The architect’s lens
Section titled “The architect’s lens”The fork itself is a decision you make once and live with — so strip the tribalism and run it through the five questions:
- Why does it exist? Because the relational model’s strong guarantees (schema, joins, ACID) are hard to keep cheap once data spreads across many machines. The NoSQL families emerged to relax those guarantees in exchange for flexibility and out-the-box horizontal scale.
- What problem does it solve? Matching the engine to how you read and write and how much correctness you need the database to enforce. It’s not a tribe — it’s an access-pattern plus consistency decision.
- What are the trade-offs? SQL buys schema enforcement, ad-hoc joins, ACID, and a declarative planner — at the price of rigidity and harder scale-out. NoSQL buys flexible schema, native partitioning, and access-pattern-shaped storage — at the price of denormalization, lost cross-record transactions, and having to know your queries up front.
- When should I avoid NoSQL? For most new applications. A single relational database is the honest default: flexible for unknown future queries, honest via constraints, and it scales further on one tuned box than people assume. Reach for NoSQL only for a specific, demonstrated access-pattern or scale problem — polyglot persistence is a destination, not a starting line.
- What breaks if I choose wrong? Pick NoSQL prematurely and you forfeit ACID and joins you later
need, and you’re locked into queries you must have known up front; pick relational for a genuine
scale-out firehose and joins plus strong transactions get prohibitively expensive across machines.
(Note the labels blur — Postgres
JSONB, Mongo ACID — so judge the specific engine, not the family.)
Check your understanding
Section titled “Check your understanding”- Name the four pillars of the relational model and the cost each one carries.
- Why is “NoSQL” a misleading category? List the four sub-types and what each is good at.
- Restate the SQL-vs-NoSQL decision as a question about access patterns and consistency.
- Explain schema-on-write vs schema-on-read. Why is “there is always a schema” true even for a schemaless database?
- Why is a single relational database often the right first choice, and what signal tells you it’s time to add or switch to NoSQL?
Show answers
- Schema (enforced shape on write — costs rigidity, hard to change on a billion-row table); joins (reassemble normalized data at read time — cost gets expensive once data is spread across machines); ACID transactions (all-or-nothing, isolated — cost is coordination/performance); declarative query language (you say what, the planner figures out how — at the cost that the classic model scales up more naturally than out).

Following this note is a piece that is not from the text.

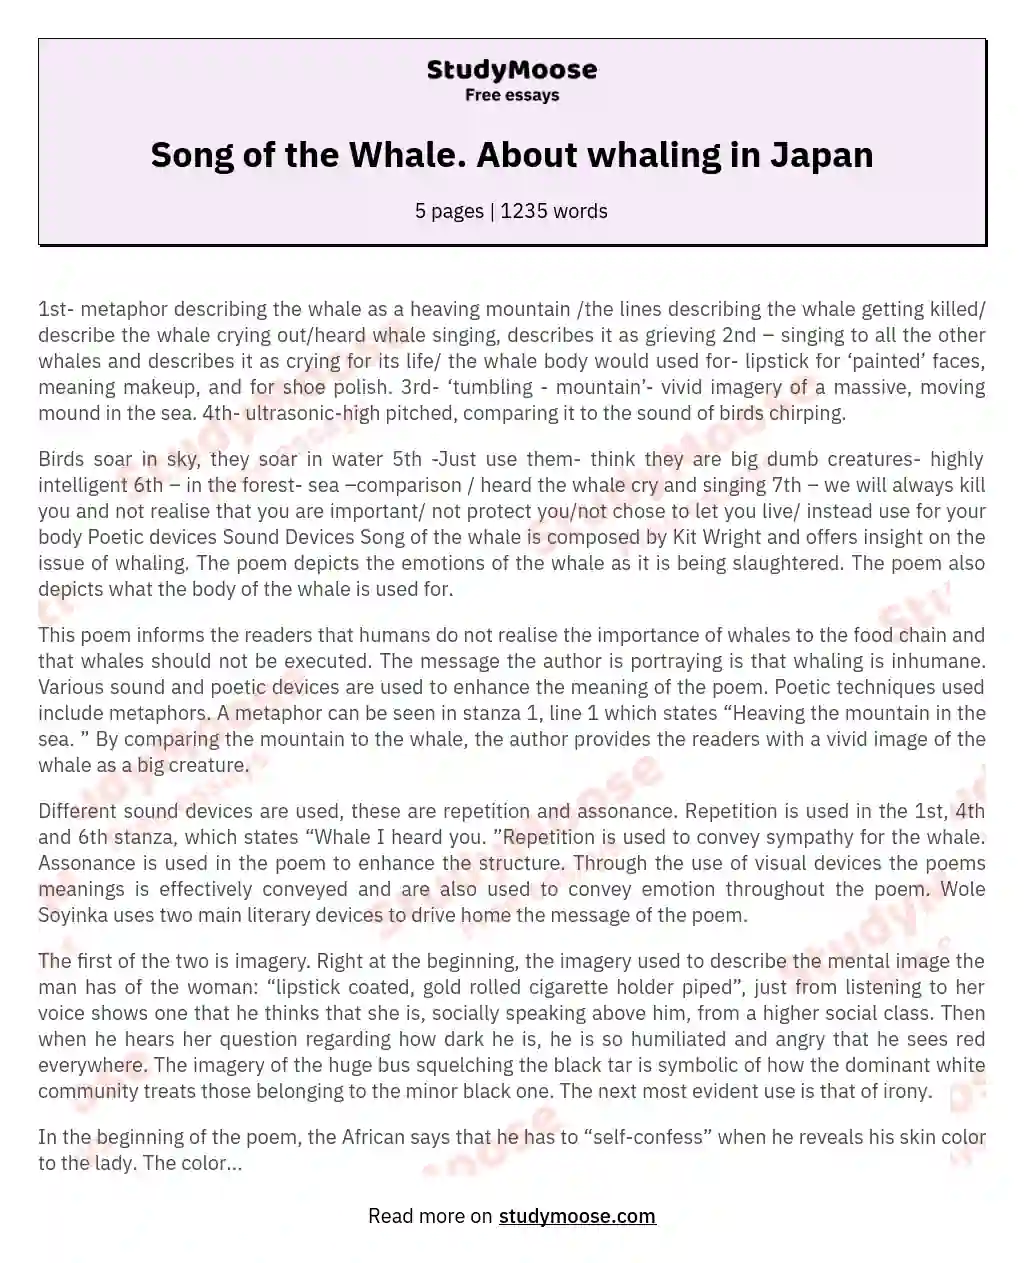 Song of the Whale.  About whaling in Japan essay

- “NoSQL” is misleading because it lumps four quite different shapes under one negative label. The sub-types: document (nested JSON aggregates read as a unit), key-value (massive-volume simple key lookups), wide-column (rows with flexible columns, big write volume), and graph (relationship traversal as the core feature).

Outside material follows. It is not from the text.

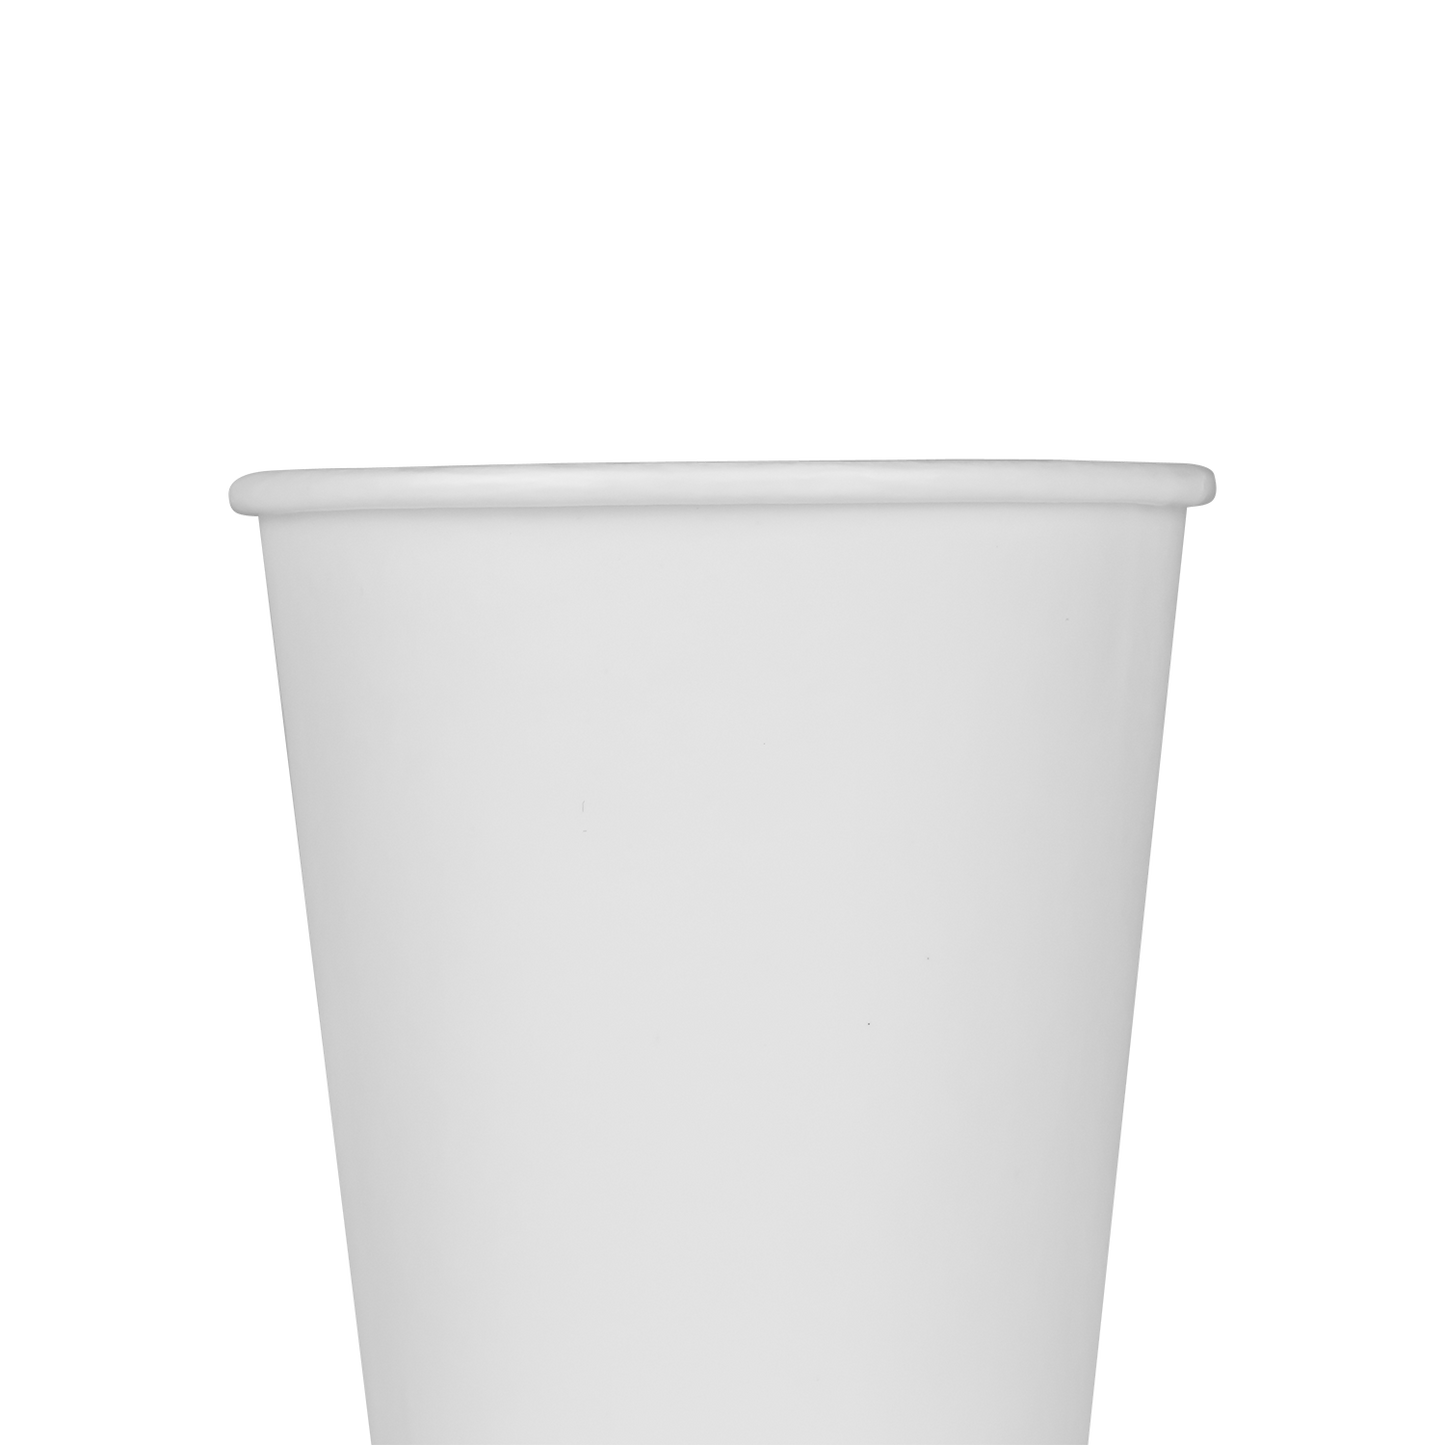 Karat 12oz Insulated Paper Hot Cups - White (90mm) - 500 ct

- Don’t ask “which technology” — ask: what are my access patterns (read whole objects by key, or slice and recombine along unpredictable dimensions, or traverse relationships?) and how much consistency do I need (must writes be strongly atomic, or is “right within a second or two” fine?). The answers point you at the engine; the label follows.

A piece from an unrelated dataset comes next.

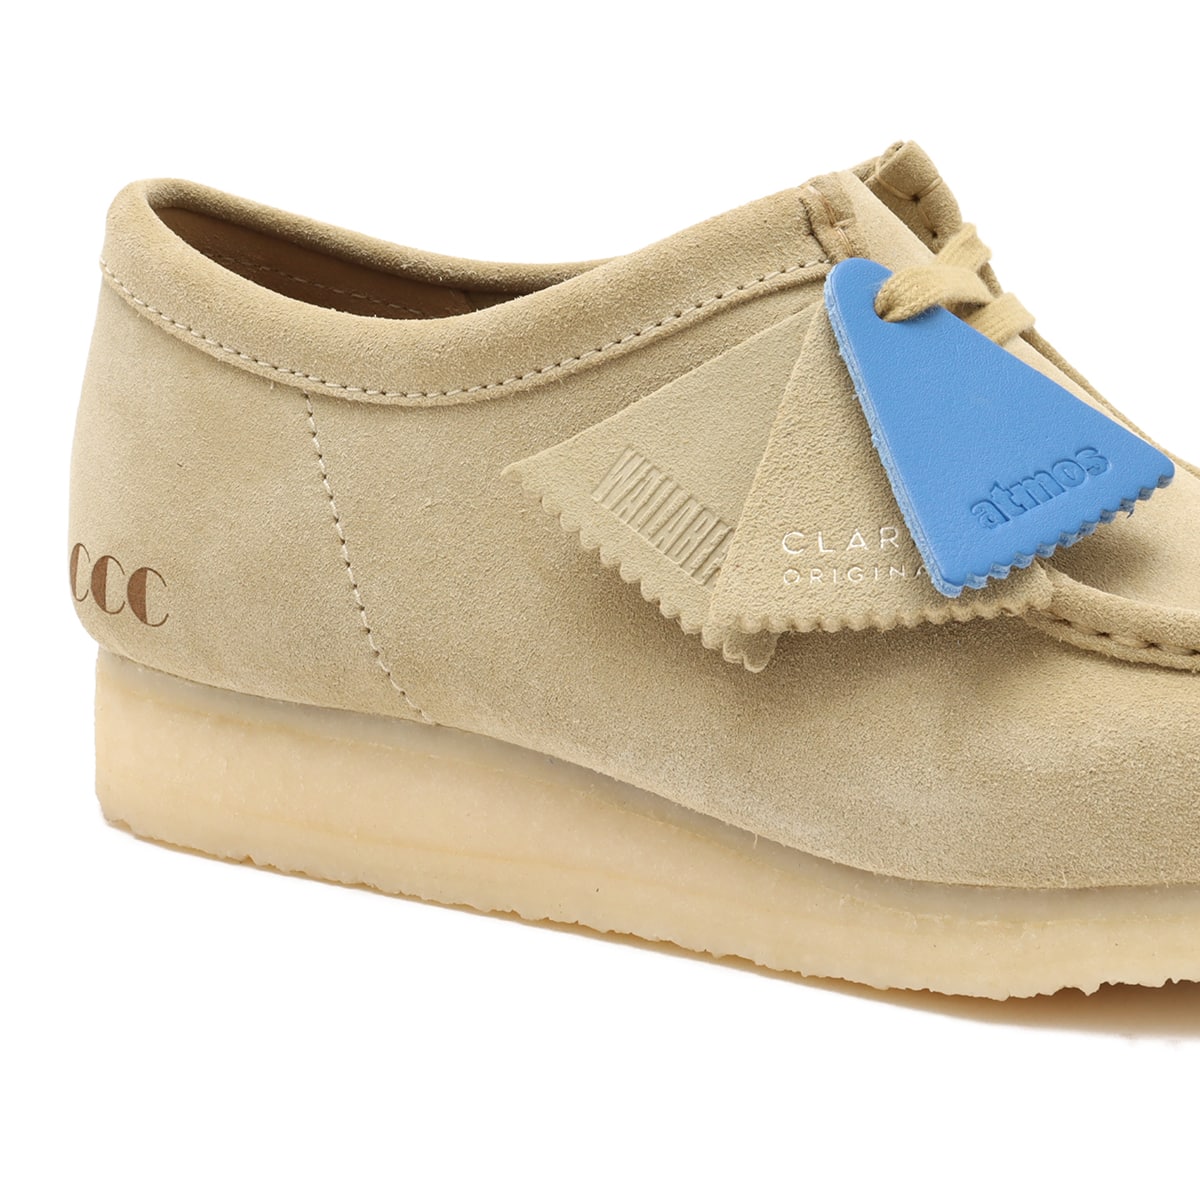 Clarks Wallabee CCC atmos Maple 24SP-S

- Schema-on-write validates structure as data goes in (SQL); schema-on-read lets data in freely and imposes structure in your code when it comes out (many NoSQL). “There is always a schema” because data always has a shape your readers depend on — the only question is where it’s enforced: in the database, or in every reader.
- A single relational database is flexible enough for unknown future queries, keeps you honest with constraints, and scales further on one tuned box than people assume. The signal to add or switch: a specific access pattern or scale problem the relational model is demonstrably bad at — not a preemptive guess. Polyglot persistence is a destination, not a starting line.